In his mind's meanderings, Ossie felt himself transported to one signal day. Pastor Michael had been talking about the "priesthood of believers" and how every Christian was called to be in ministry.
"In fact," Pastor Michael had enthused. "I'd be the happiest man alive if next Sunday this church was empty, and every one of you was out there doing the Lord's business!"
As it happened, the following Sunday's attendance was even higher than usual. But Ossie, an usher at that service, noticed three fairly high profile members were not there.
Nor did they ever return.
A lot of books were appearing on the Christian bookstore shelves back then speaking of how the church had deviated from its roots. They had titles like "Jesus has Left the Building," and "Snakes in the Temple."
One thread that ran through this new thinking was that, like the Jews in the Old Testament, Christians had once again decided over the years that a king would be better than a God. Thus they had rolled out a whole unbiblical hierarchy of priests, bishops, even popes -- each step diluting the Christian's direct connection with God.
Churches became more concerned with numbers than with people. Church leaders began to define success one tithe at a time and, instead of cooperating with other churches to bring Christ to entire cities, they began competing for territory that was never theirs to claim.
Where Jesus envisioned thousands of small gatherings of people, sharing love and compassion, doing for others, mentoring each other, there emerged the megachurch, with fancy programs as commercial replacements for the speaking of the Holy Spirit.
But God was at work, selectively calling a handful from the church buildings and into the harvest.
Starry eyed idealists, Ossie had called them; folks so sold out for Jesus they gave up their television shows, their soccer games, even much of their family time to fellowship with those in need wherever they went.

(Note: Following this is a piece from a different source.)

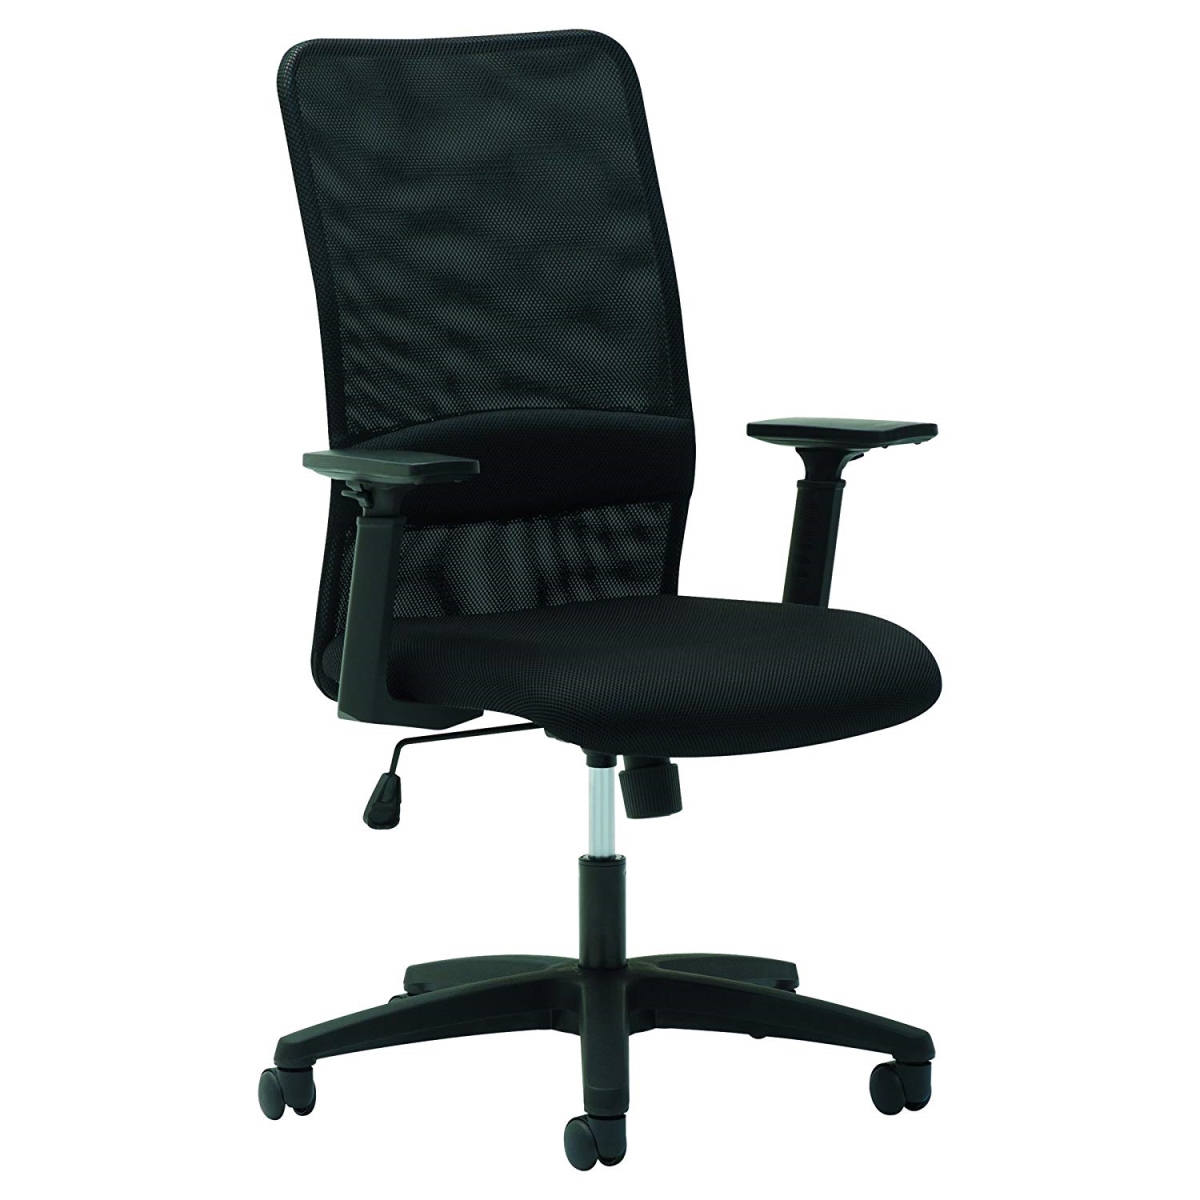 Sm4117 Mesh High-back Chair With Height Adjustable T-bar Arms, Black

Church leaders couldn't even acknowledge these revolutionary missionaries. They refused to accept money, saying God supplied all they needed. They declined to speak to assemblies, saying anyone interested in hearing from God could hear Him loud and clear on the streets every day.

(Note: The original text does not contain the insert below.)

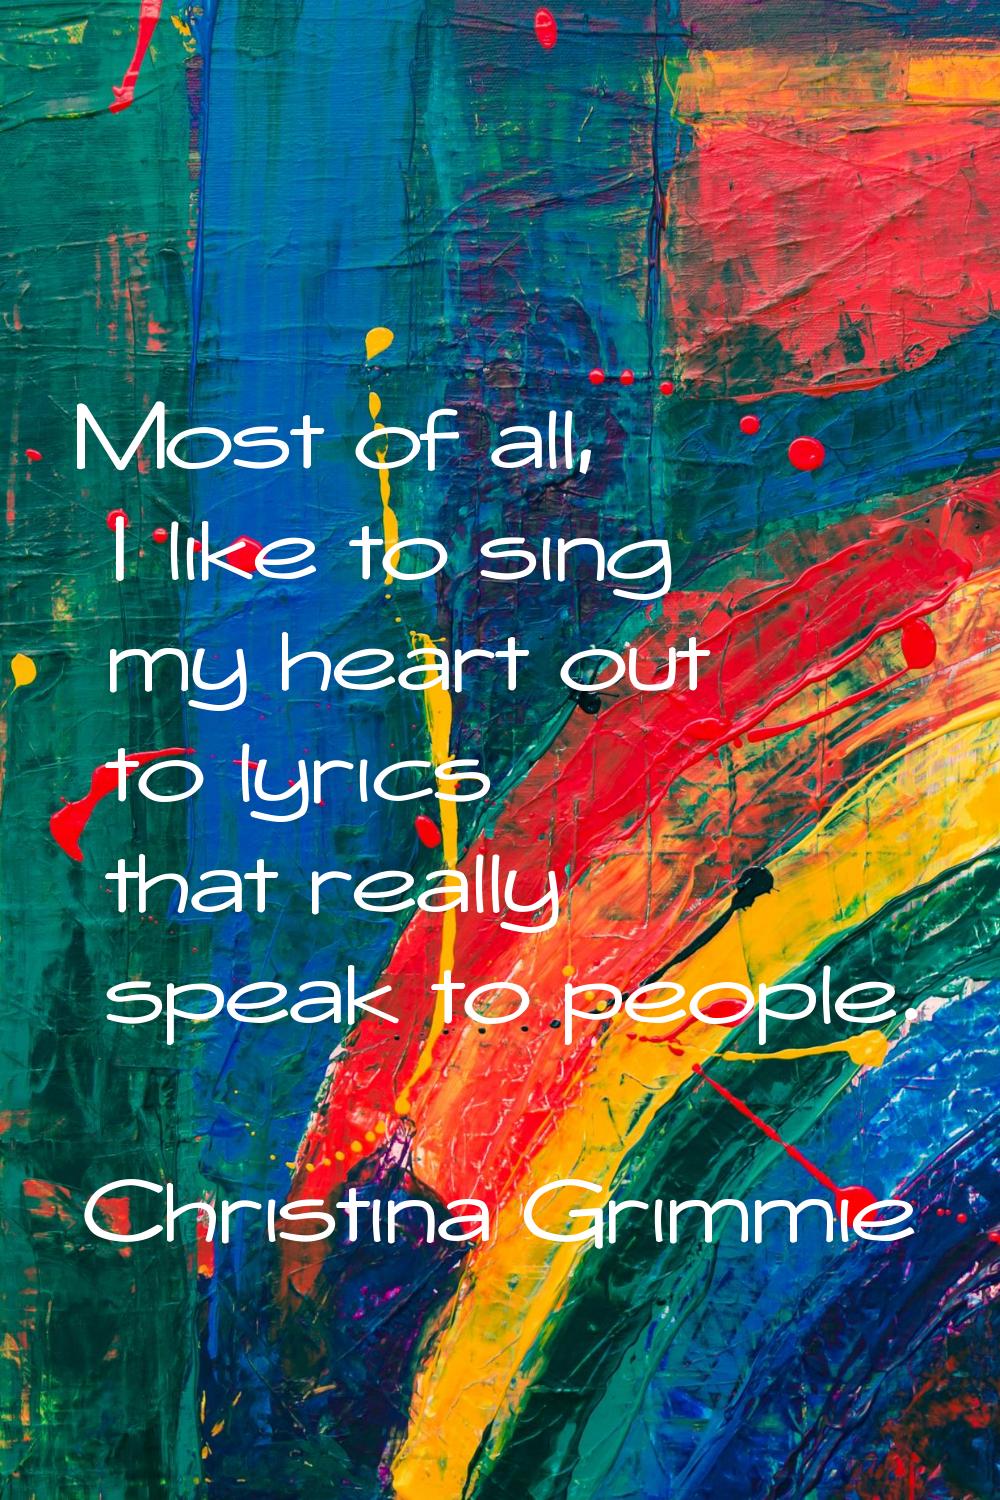 Most of all, I like to sing my heart out to lyrics that really speak to people.

Strange seeds were being sewn in the fertile soil of impoverished neighborhoods. Those who received these oddball missionaries felt love, sometimes for the first time, and responded in kind to others. Soon they, too, were peculiar people praying for anyone and everyone, blessing everyone and pointing them to God as the source of all things good.
Some of the poor and downtrodden came into churches, only to leave in disappointment when they didn't find more peculiar, loving, passionate people inside.

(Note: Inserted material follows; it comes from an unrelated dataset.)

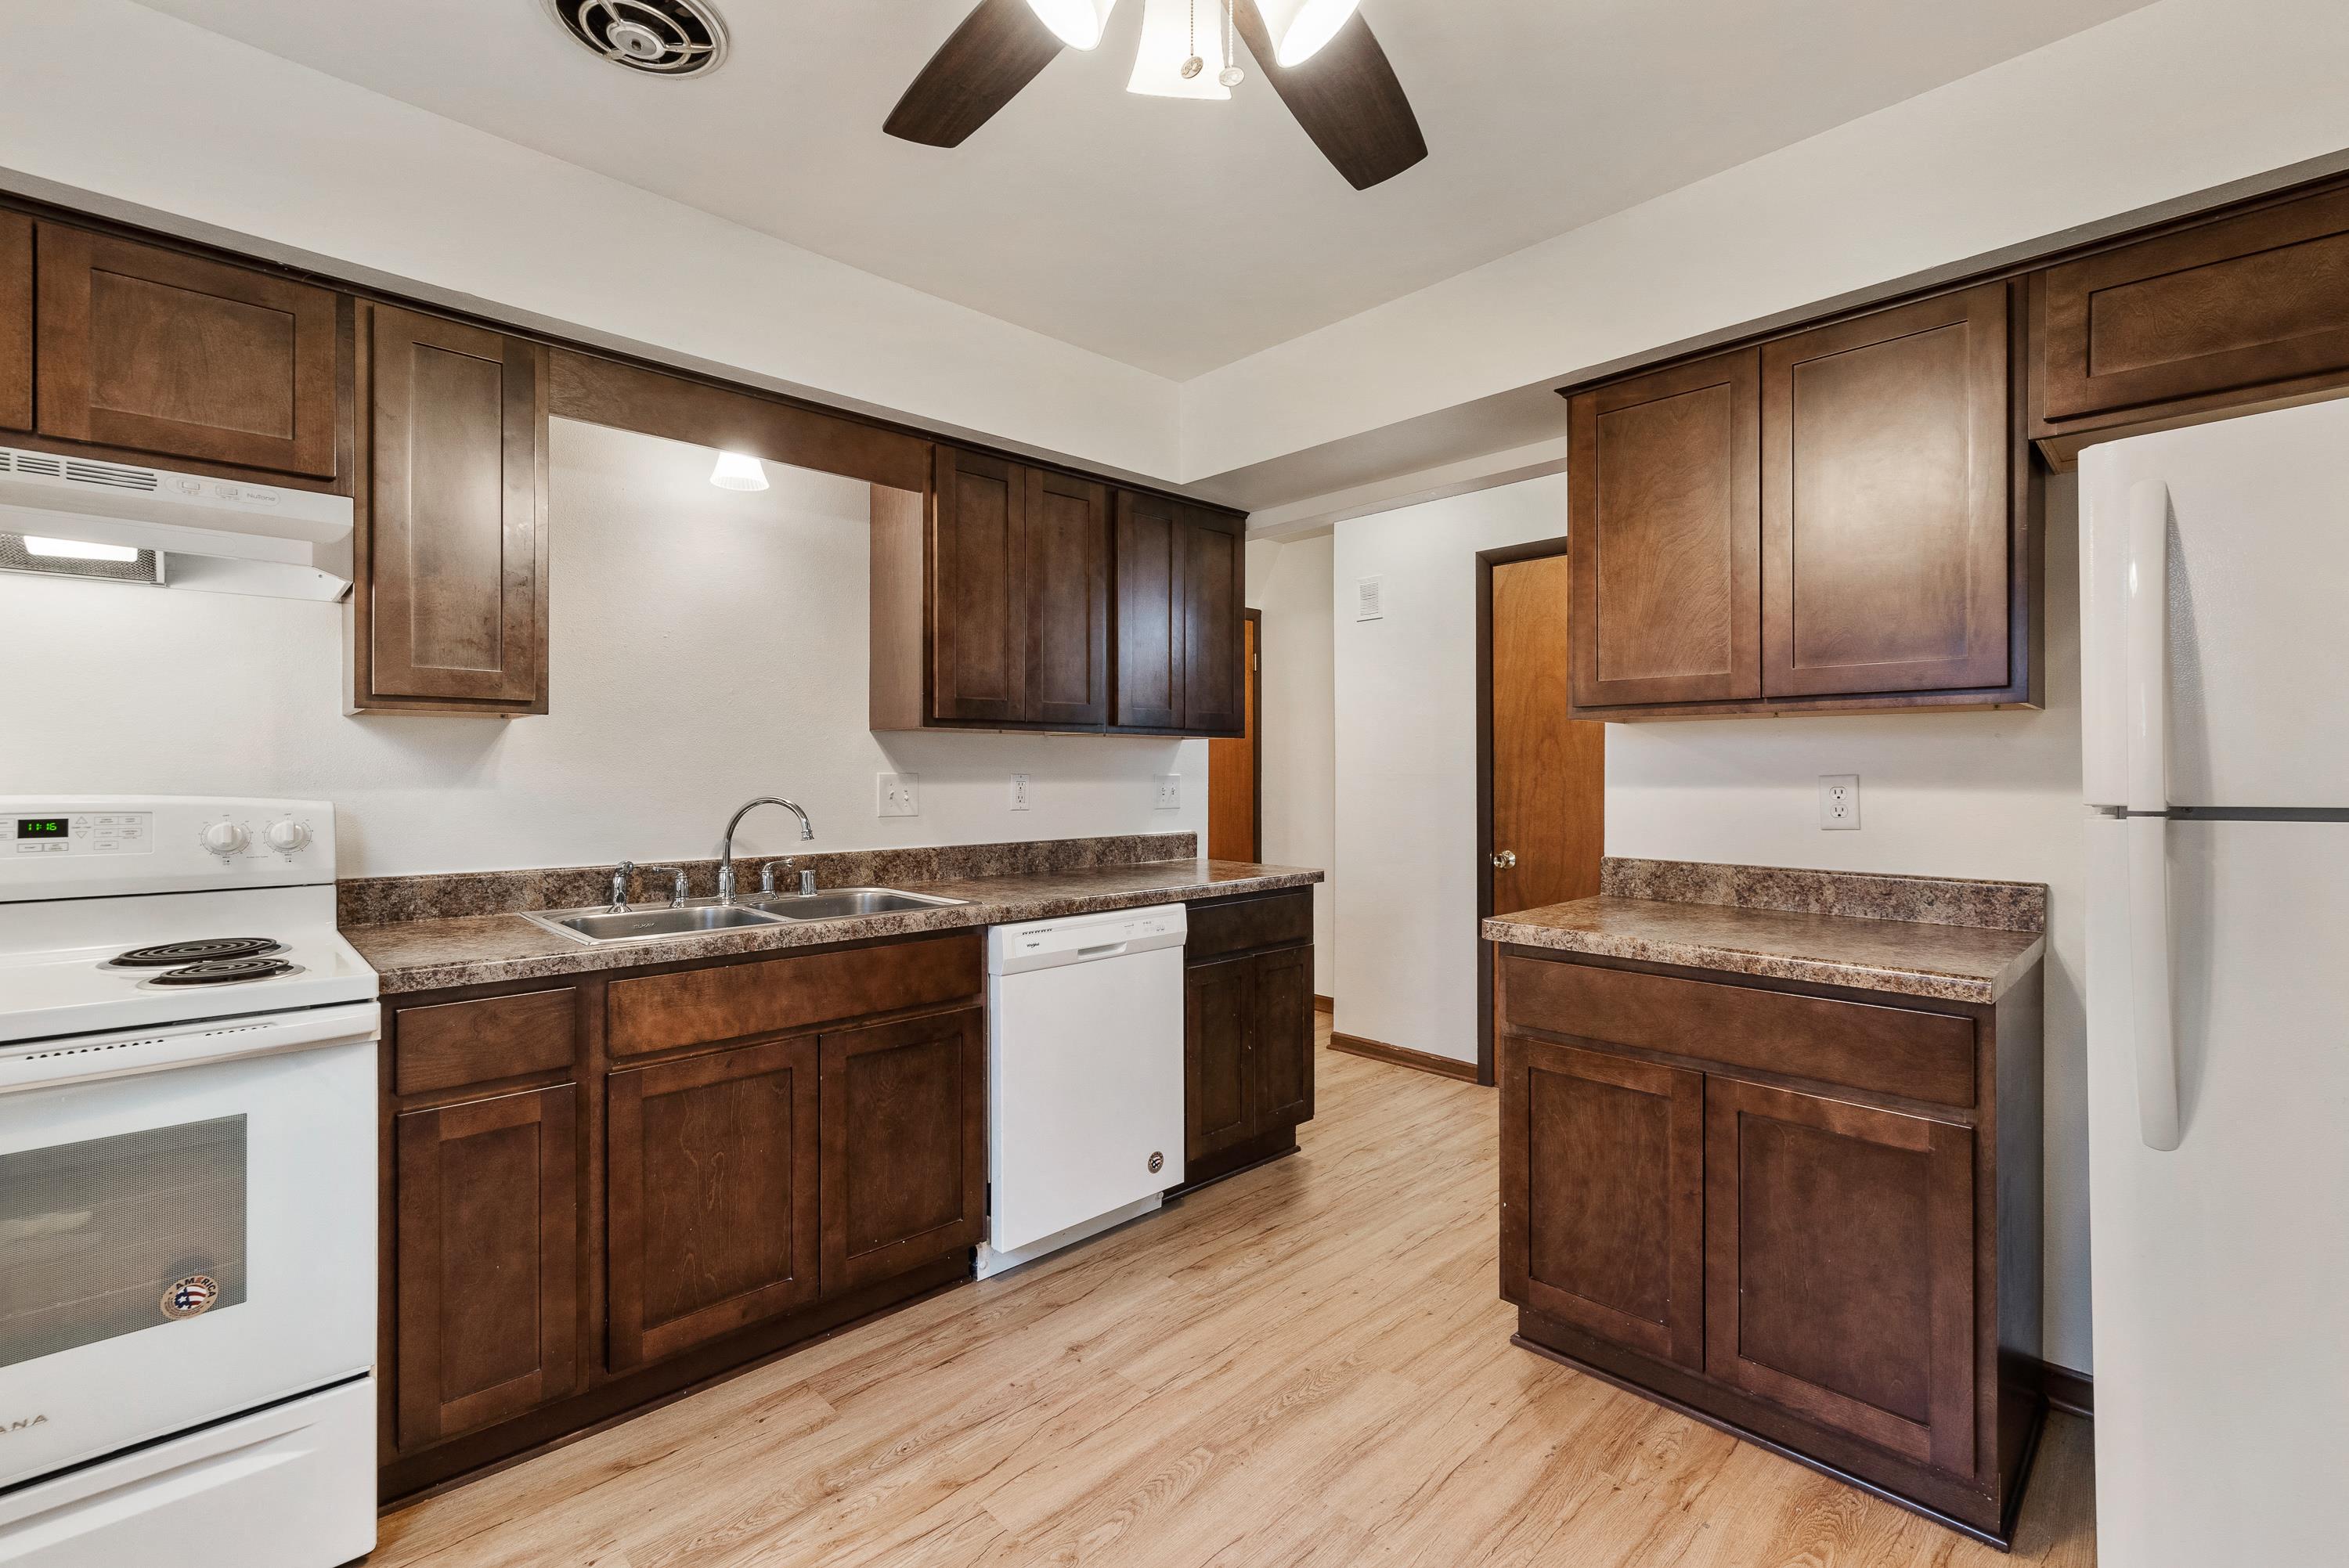 90th Street Townhomes Kitchen

Some called it a revival, Ossie recalled, but others said it couldn't be, because nothing like this had ever happened before. This was new life, and it was life in abundance.
That was 50 years ago.
Now, the City Church was celebrating the dismantling of all boundaries between denominations, between races, between classes. Once that had occurred, God's glory had transformed the city so fast nobody could really keep track of it.
Businesses had flourished, not just financially, but in soaring employee morale and incredible outpourings of charitable work. Politicians were replaced wholesale by Christians who spoke of building the Kingdom of God as the only reliable way to affect any of the city's problems.
People today are prayer walking every neighborhood in the city. They know which houses still have people who don't know the Lord and spend extra time praying there, blessing the occupants and waiting in expectation for the day God touches their hearts.
We've taken the bars off the prisons. Everyone in there these days has accepted Christ. They realize they have a debt to pay to society and that God will use their remaining time in detention to His glory, so there are no escape attempts.
Ossie gave the pulpit one final polishing stroke.
There. All ready for Monday, when the museum would reopen.